Before finetuning, spend time understanding what the base model gets wrong. Categorise the failures so you can fix them in your data:

Misspellings — surprisingly common in base models
Too verbose — model answers with an essay when a sentence would do
Repetitive — curb with stop tokens; also ensure your training data doesn't repeat heavily

10 Practical Approach to Finetuning

This is the workflow I'm keeping close to hand. It's deliberately conservative — start small, validate fast, scale only when you have evidence it's working.

1
Define your task — be precise about inputs, outputs, and what "good" looks like
2
Collect data related to those inputs and outputs
3
Generate synthetic data with a larger LLM if you don't have enough real examples
4
Finetune a small model (400M–1B parameters) — fast feedback, low cost
5
Vary the data volume — learn how sensitive your task is to data quantity
6
Evaluate rigorously — human review + relevant benchmarks
7
Collect more data and iterate if performance isn't satisfactory
8
Increase task complexity gradually
9
Scale model size only for genuinely complex tasks — bigger isn't always better

Task complexity vs model size

Writing tasks are harder — they require more output tokens, and typically need larger models
Harder tasks + multiple simultaneous tasks require larger models

Model size and GPU memory

Training needs far more memory than inference. A 16GB GPU can only train a ~1B parameter model. Here's a quick reference:

AWS Instance	GPUs	GPU Memory	Max inference (params)	Max training (tokens)
p3.2xlarge	1× V100	16GB	7B	1B
p3.8xlarge	4× V100	64GB	7B	1B
p3.16xlarge	8× V100	128GB	7B	1B
p3dn.24xlarge	8× V100	256GB	14B	2B
p4d.24xlarge	8× A100	320GB HBM2	18B	2.5B
p4de.24xlarge	8× A100	640GB HBM2e	32B	5B

11 LoRA & Parameter-Efficient Finetuning (PEFT)

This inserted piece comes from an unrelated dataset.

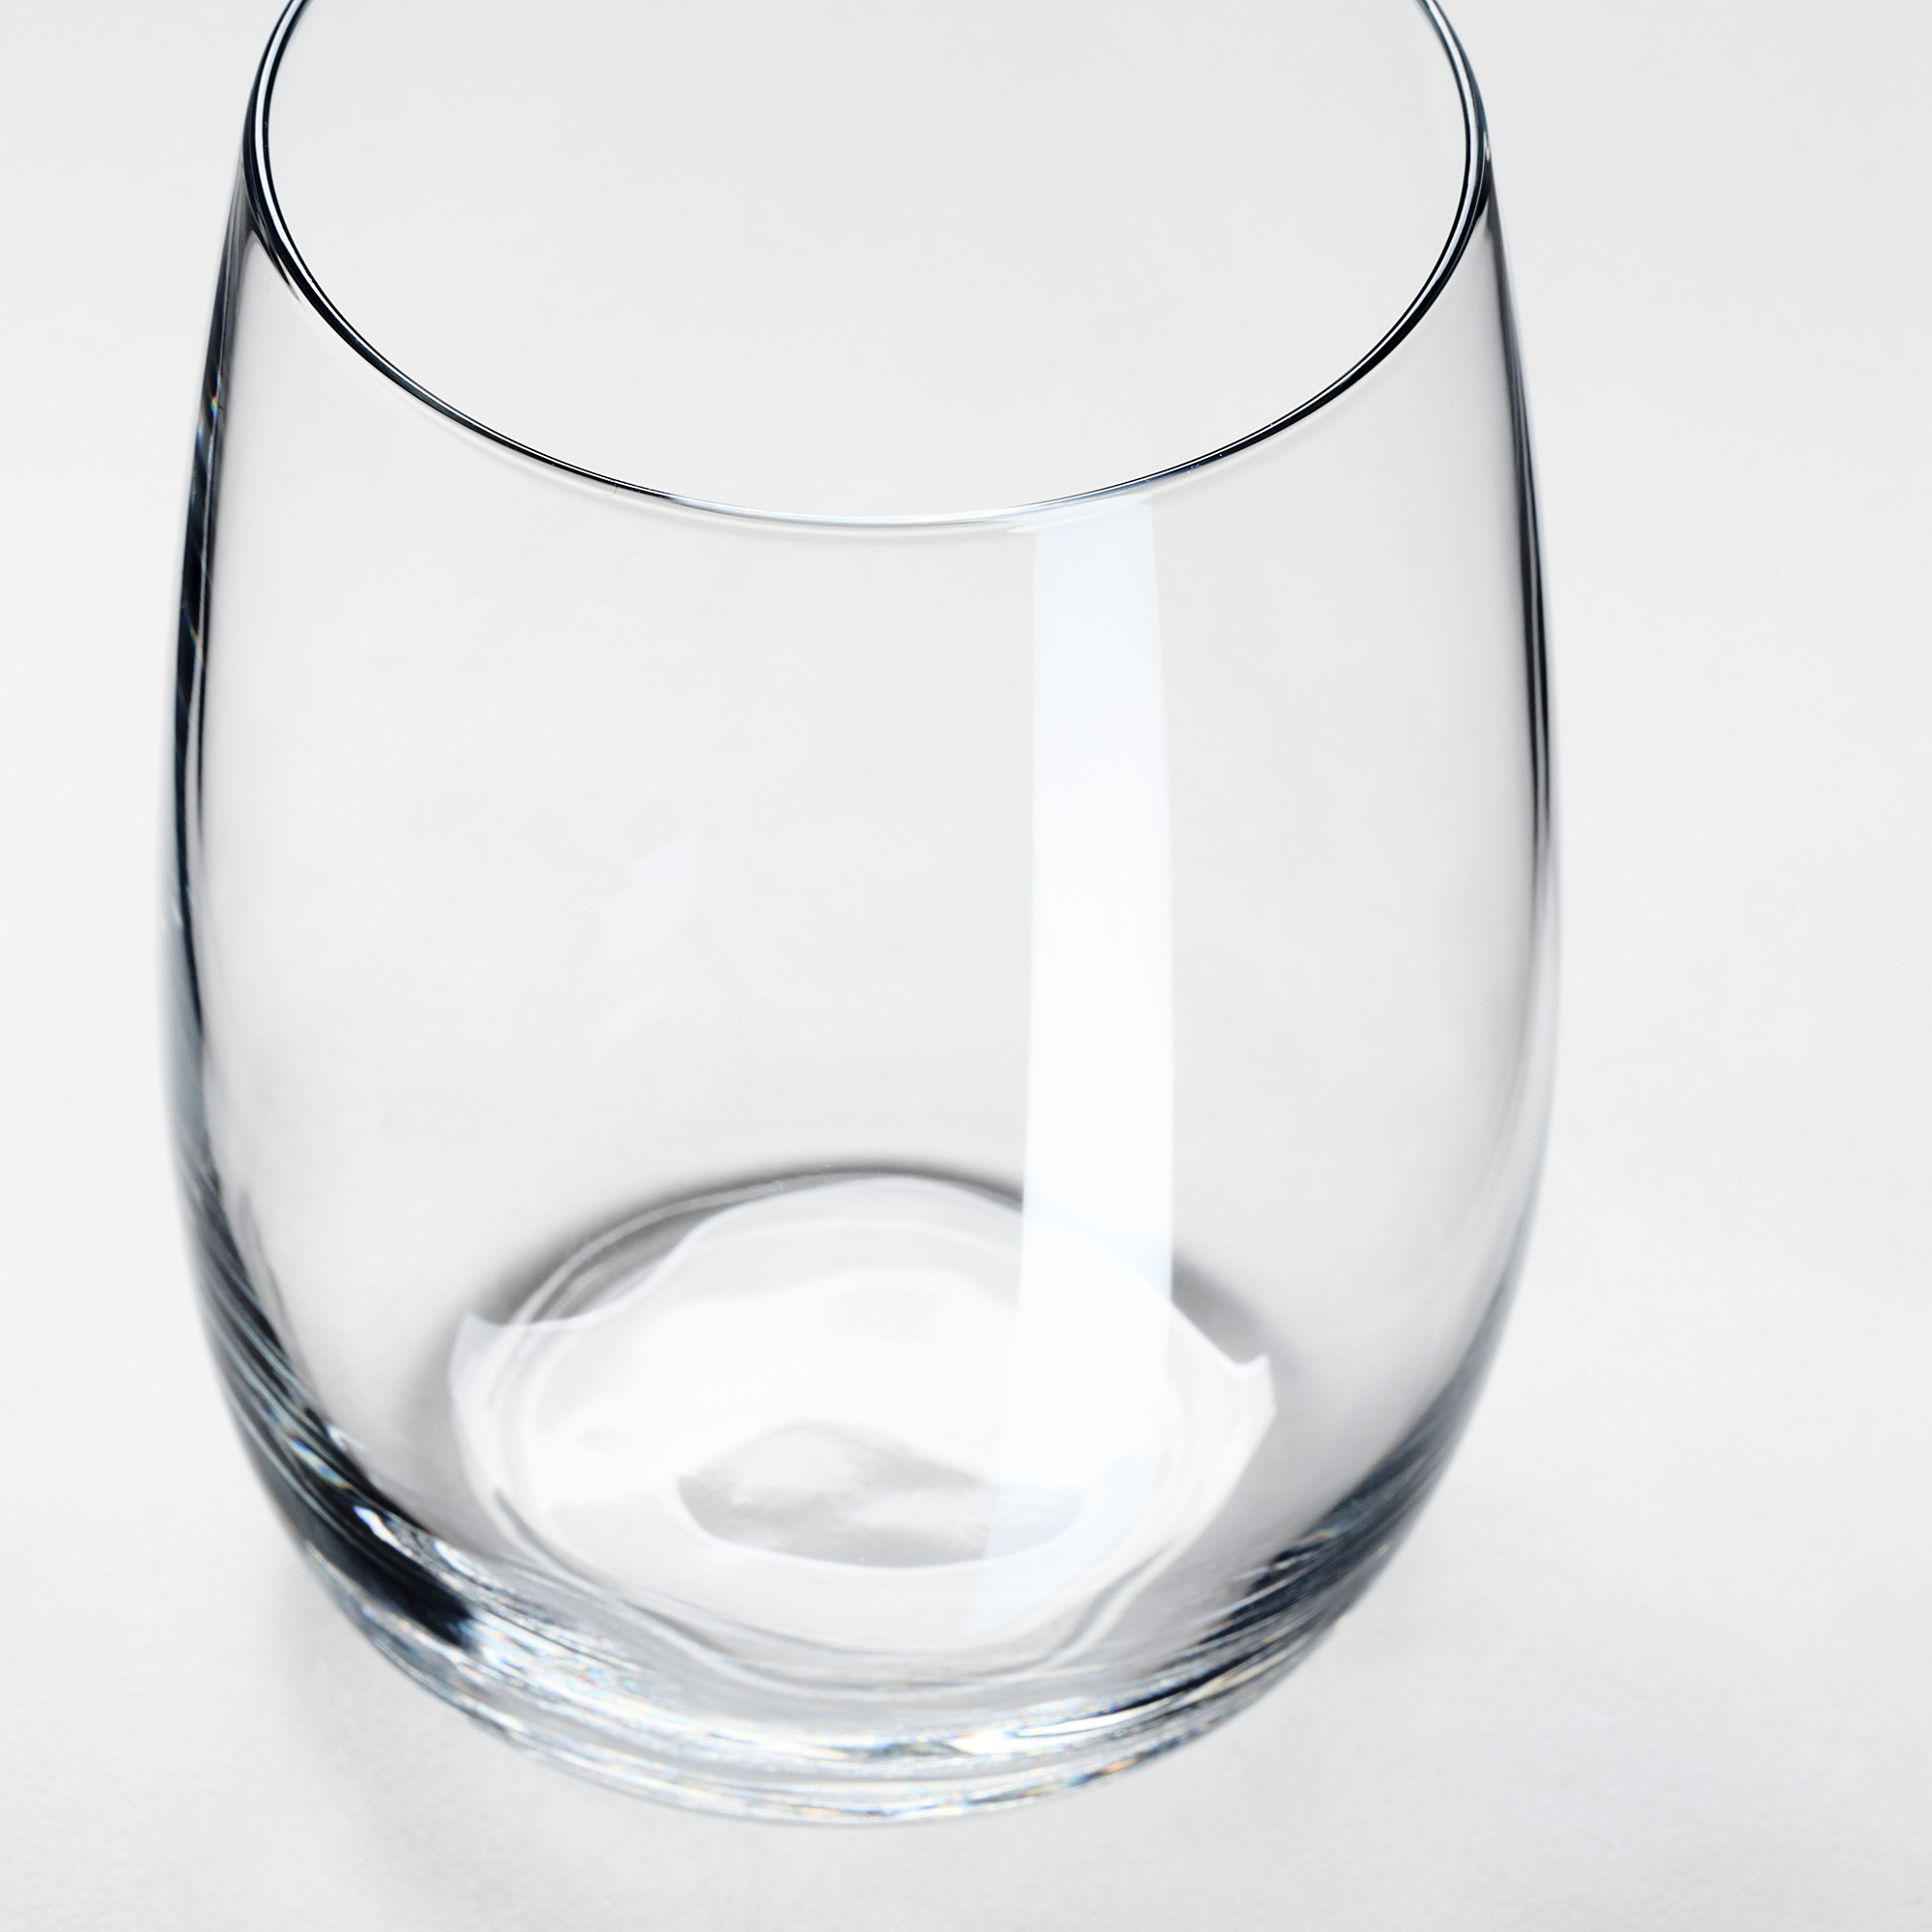 Почему стакан прозрачный. Ikea storsint бокал. Storsint сторсинт стакан, прозрачное стекло 37 сл. Сторсинт стаканы икеа. Сторсинт бокалы икеа.

Full finetuning updates every weight in the model — which is powerful but expensive. Parameter-Efficient Finetuning (PEFT) techniques train only a fraction of the parameters, dramatically reducing memory requirements while keeping most of the accuracy benefit.

🧬

Three families of PEFT

Addition-based — add new layers/adapters and train only those.
Selection-based — freeze most weights, select a sparse subset to update.
Reparametrisation-based (LoRA) — decompose weight updates into low-rank matrices and train those instead.

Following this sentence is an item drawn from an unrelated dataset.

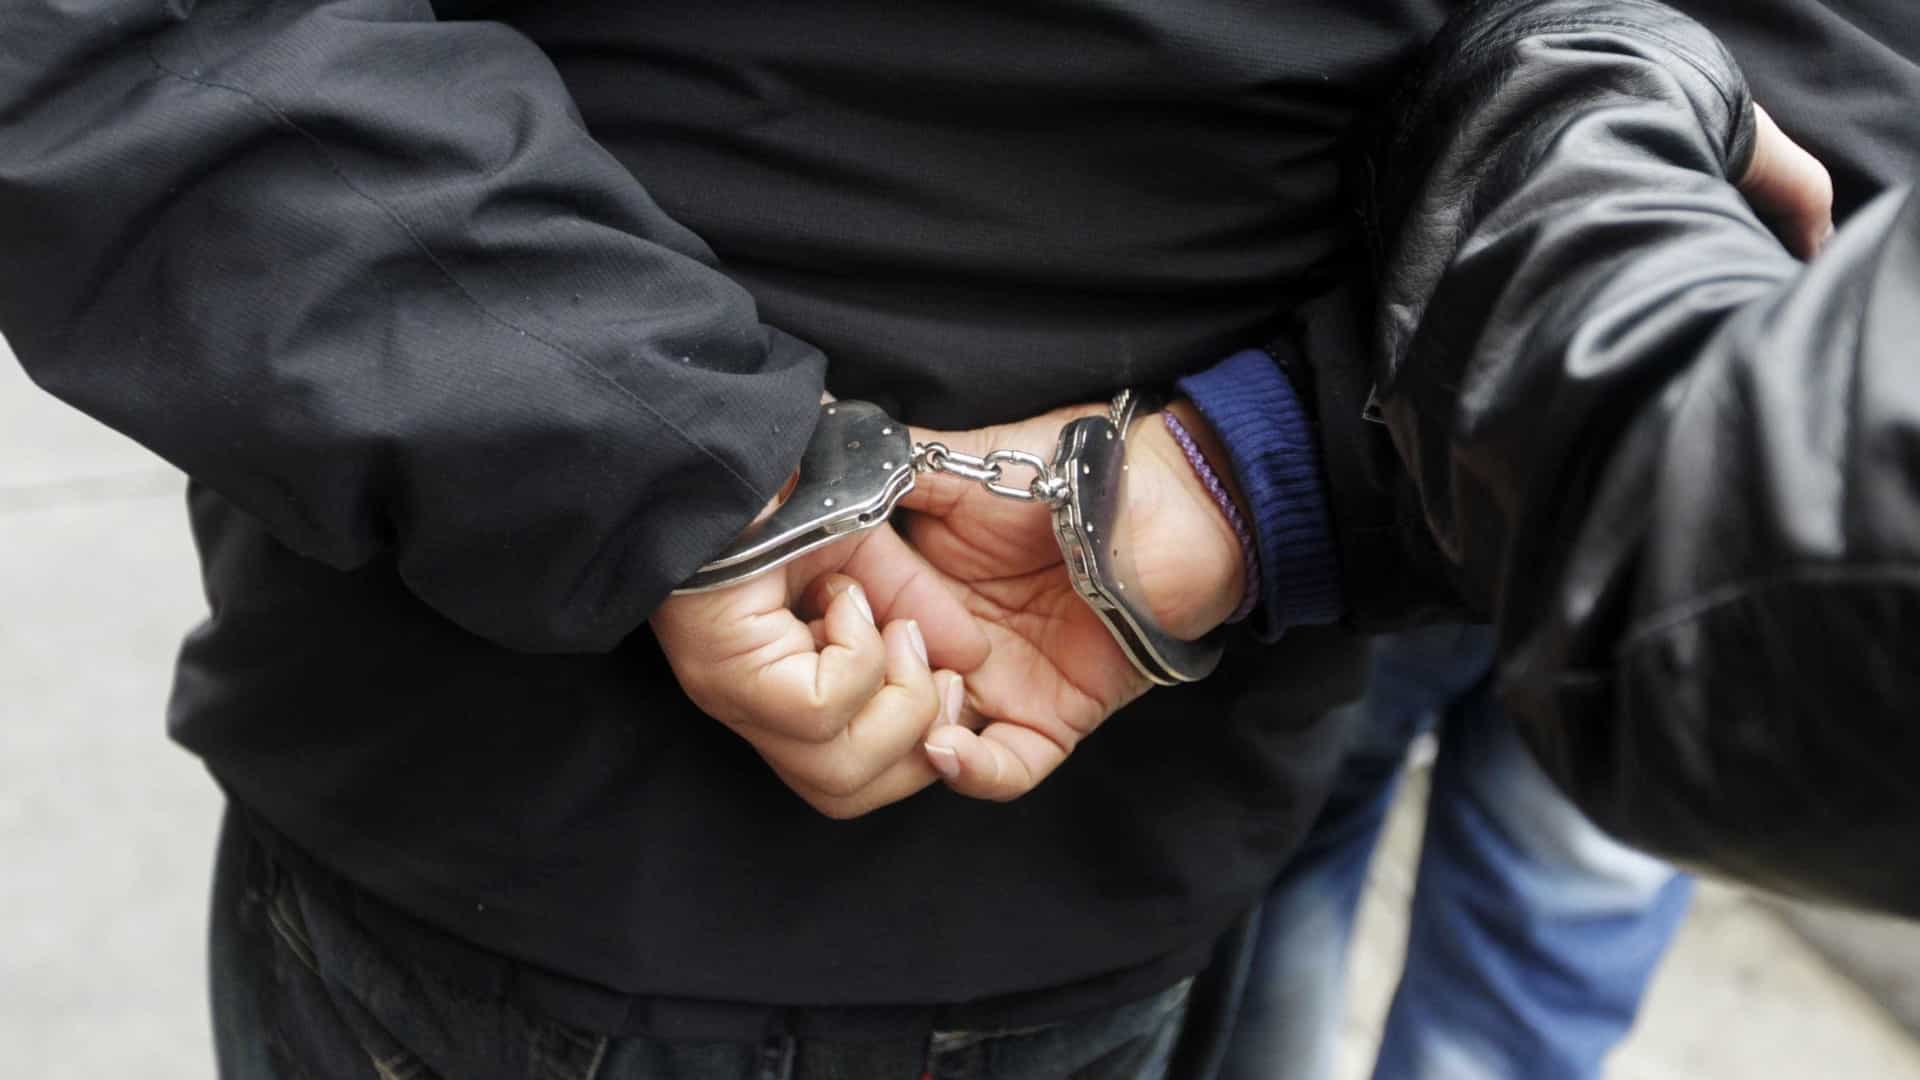 detidos dois homens nos açores suspeitos de tráfico de droga em lagoa

LoRA — Low-Rank Adaptation

LoRA is the most widely used PEFT technique. Instead of modifying the original weights directly, it trains a pair of small matrices whose product approximates the weight update. At inference, these are merged back into the main weights — so there's no additional latency compared to the full finetuned model.

For GPT-3, trainable parameters reduced by 10,000× vs full finetuning
Accuracy is slightly below full finetuning — an acceptable tradeoff in most cases
Same inference latency — LoRA weights merge with base weights at inference
Train new low-rank matrices, freeze the main weights
The new weights are rank decomposition matrices of the original weights' change
Train separately, merge at inference time

When to use LoRA: any time you want to finetune a model larger than your GPU can accommodate for full finetuning. It's also great for rapid experimentation — train multiple LoRA adapters for different tasks and swap them at inference time without keeping multiple full model copies.